Déjà, en valorisant les emplois par l’intégration de leurs finalités dans les descriptifs. « Contribuer à rendre le cadre de vie des citoyens propre et à préserver l’environnement » donne plus de sens que « Ramasser les poubelles et nettoyer les trottoirs ».

Ensuite, en formalisant une " vision". Si toutes les entreprises ont défini leur mission, à savoir ce qu’elles proposent en termes d’offre, rares sont celles qui ont formalisé leur vision, la création de valeurs qu’apporte leur offre à leur écosystème.

Manager par la mission, comme par exemple « vendre du matériel de bricolage et de construction » n’est pas très engageant et ne satisfait pas le besoin de sens.

En revanche, formaliser une vision commune, comme le fait Leroy Merlin qui invite tous ses collaborateurs à "Aider les habitants à rêver leur maison et les accompagner dans leur réalisation" clarifie la valeur que cette enseigne souhaite apporter à son écosystème et donne du sens à l’action.

Une fois ce cadre de référence connu et partagé, il devient plus aisé de manager par le sens.

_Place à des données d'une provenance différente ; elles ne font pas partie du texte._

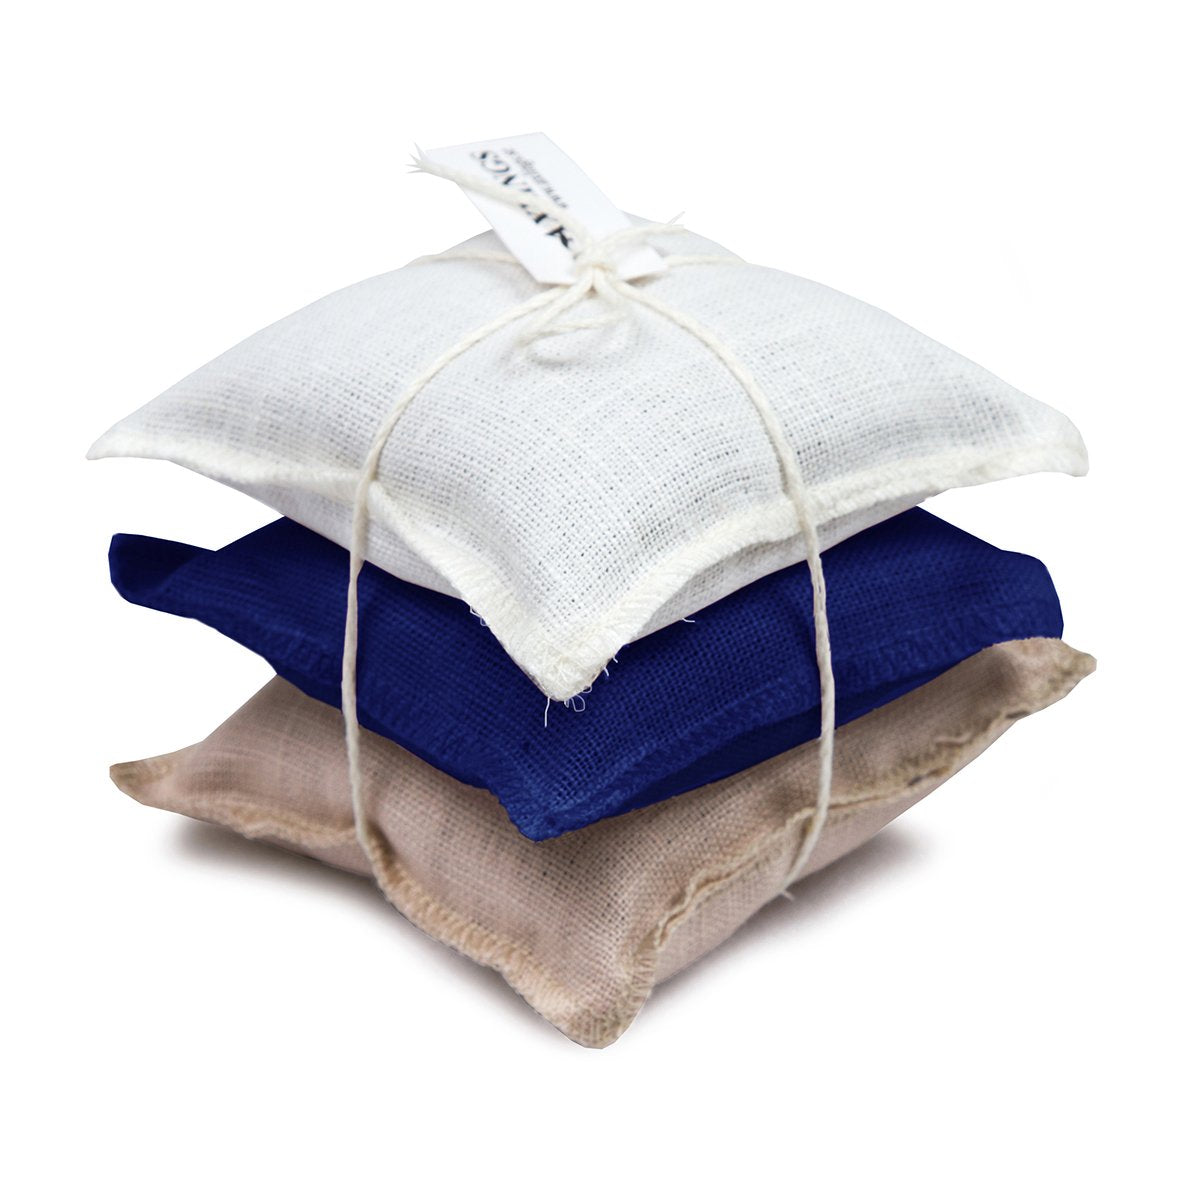 Linen Sachet Pillows Lavender Scent Marine, Natural & White Eleish Van Breems Home

A titre individuel, les managers peuvent échanger plus facilement avec leurs collaborateurs, soit dans le cadre d’entretiens de feed-back, soit lors des entretiens annuels, sur la manière dont ils ont incarné la vision ou contribué à concrétiser la finalité des missions confiées.

Les managers peuvent utiliser la vision dans le cadre d’entretiens de feed-back pour valoriser une attitude ("J’apprécie les conseils que tu donnes aux clients pour les aider à concrétiser leurs projets") ou attirer l’attention ("Penses-tu que ce que tu as dit au client l’a aidé à rêver sa maison ?").

Elle peut également être utilisée dans le cadre des entretiens annuels, soit pour partager su le vécu ("A-t-il été facile ou difficile d’incarner notre vision ?"), soit pour identifier des axes d’amélioration ("Que serait-il possible de mettre en œuvre pour que ce soit plus facile à ton niveau ?").

Si certaines entreprises ont officialisé leur vision, il est assez rare que les salariés la connaissent et, lorsque c’est le cas, elle est rarement utilisée comme cadre de référence à l’action car elle est souvent perçue comme un "slogan" dont la vocation est de renforcer l’image de l’entreprise.

C’est pourquoi, certaines entités du groupe Thales invitent leurs équipes à proposer des actions ou des projets qui leur permettent d’incarner la vision du groupe à leur niveau de responsabilité.

La vision peut aussi constituer un des critères de validation d’une idée, comme le fait Décathlon ou d’une initiative comme le pratique Konica Minolta France avec sa carte "Le pouvoir de transformer".

Ancrer la notion de sens dans son management permet, non seulement de "garder le cap dans la tempête", mais aussi de répondre au besoin d’utilité et de renforcer l’engagement. Découvrez comment créer des liens plus humanistes (des règles aux valeurs) dans notre prochain article.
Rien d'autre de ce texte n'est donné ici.